Neben den üblichen Gnome-Anwendungen bringt Fedora 25 unter anderem LibreOffice 5.2.3 und Firefox 49 mit. Für Entwickler liefert der Distributor neben Docker 1.12 erstmals einen Rust-Compiler für Mozillas Programmiersprache. Ferner stehen Node.js 6.9.1, Ruby on Rails 5.0, Go 1.7, PHP 7 sowie die Python-Versionen 2.6, 2.7, 3.3, 3.4 und 3.5 zur Verfügung. Zudem unterstützt Fedora jetzt Unicode 9.0.

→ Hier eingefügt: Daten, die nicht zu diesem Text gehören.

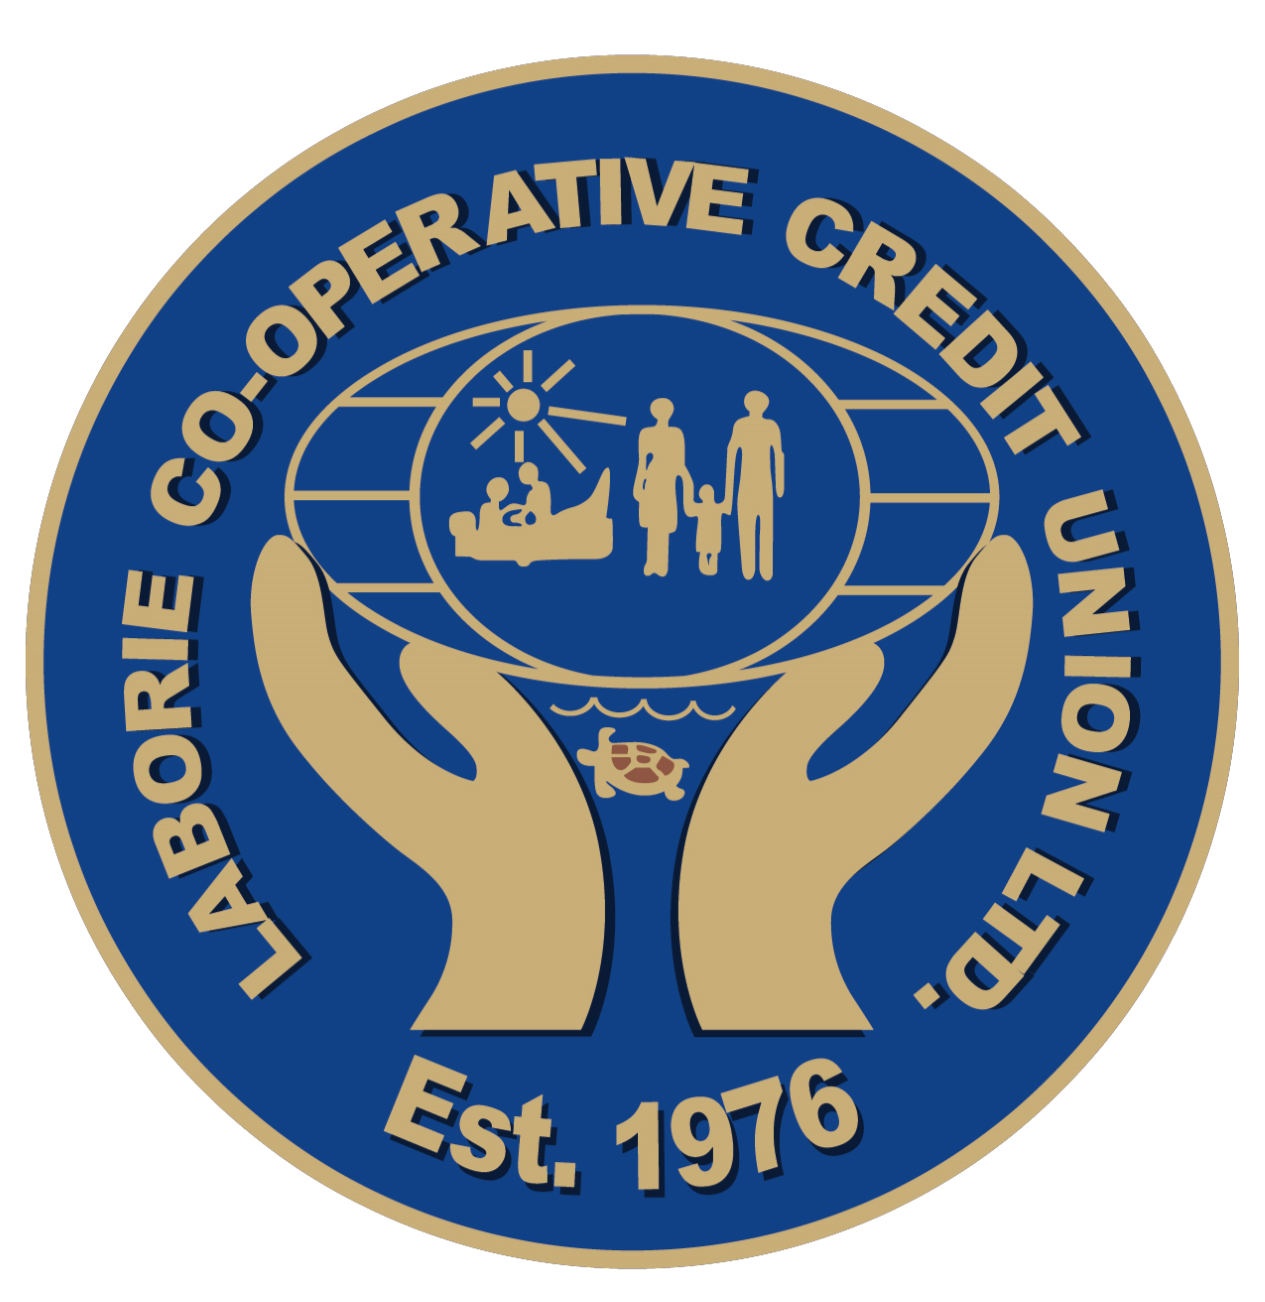 Laborie Co-Operative Credit Union Ltd.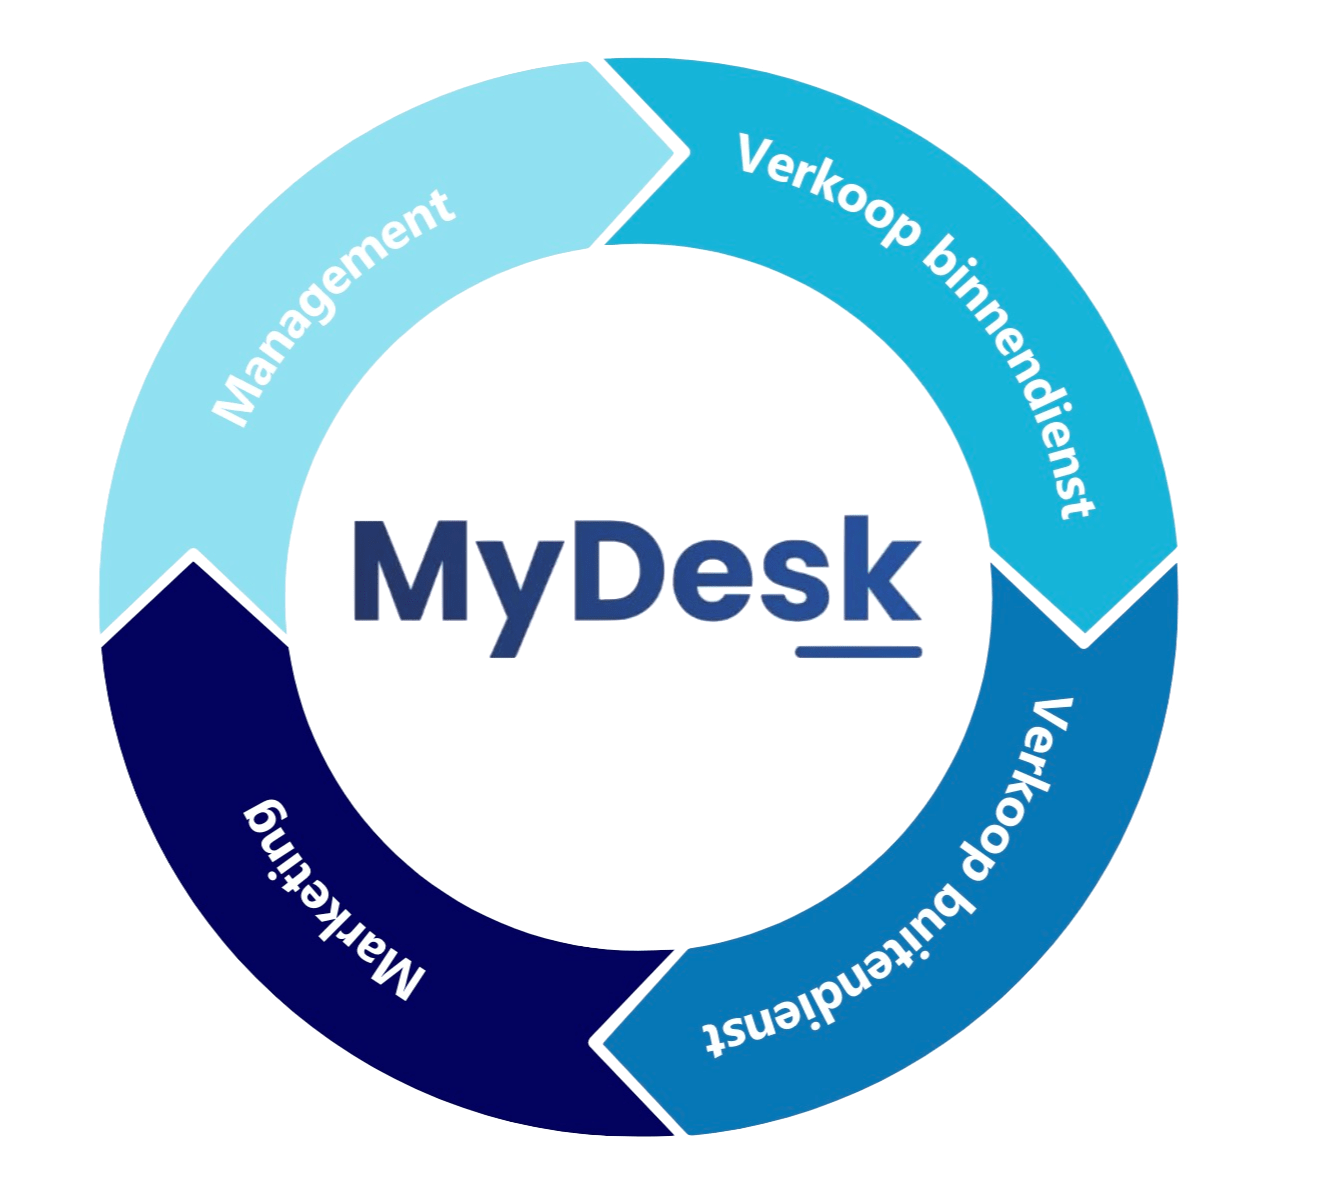 MyDesk-Afdelingssamenwerking

Ebenfalls erstmalig integriert ist Flatpak, dessen Bedienung die Macher kürzlich mit Version 0.6.13 nochmals vereinfachten [6]. Die freie Grafikbibliothek Mesa 3D schaffte es in Version 13 allerdings nicht mehr rechtzeitig in die Repositories – Fedora reicht sie später per Upgrade nach.
Für jeden etwas
Wir testeten Fedora auf realer Hardware, da sich das System in Virtualbox mit Wayland stellenweise seltsam verhielt. Das liegt vermutlich an den Treibern, die Oracle noch nicht anpasste.
Nach der Installation startet ein Wizard, der Sie durch die ersten Schritte des Setups leitet. Wer Fedora noch gar nicht kennt, dem erklärt ein kleines Video, wie er die Gnome Shell bedient, zwischen Anwendungen wechselt und weitere elementare Bedienschritte erlernt (Abbildung 3).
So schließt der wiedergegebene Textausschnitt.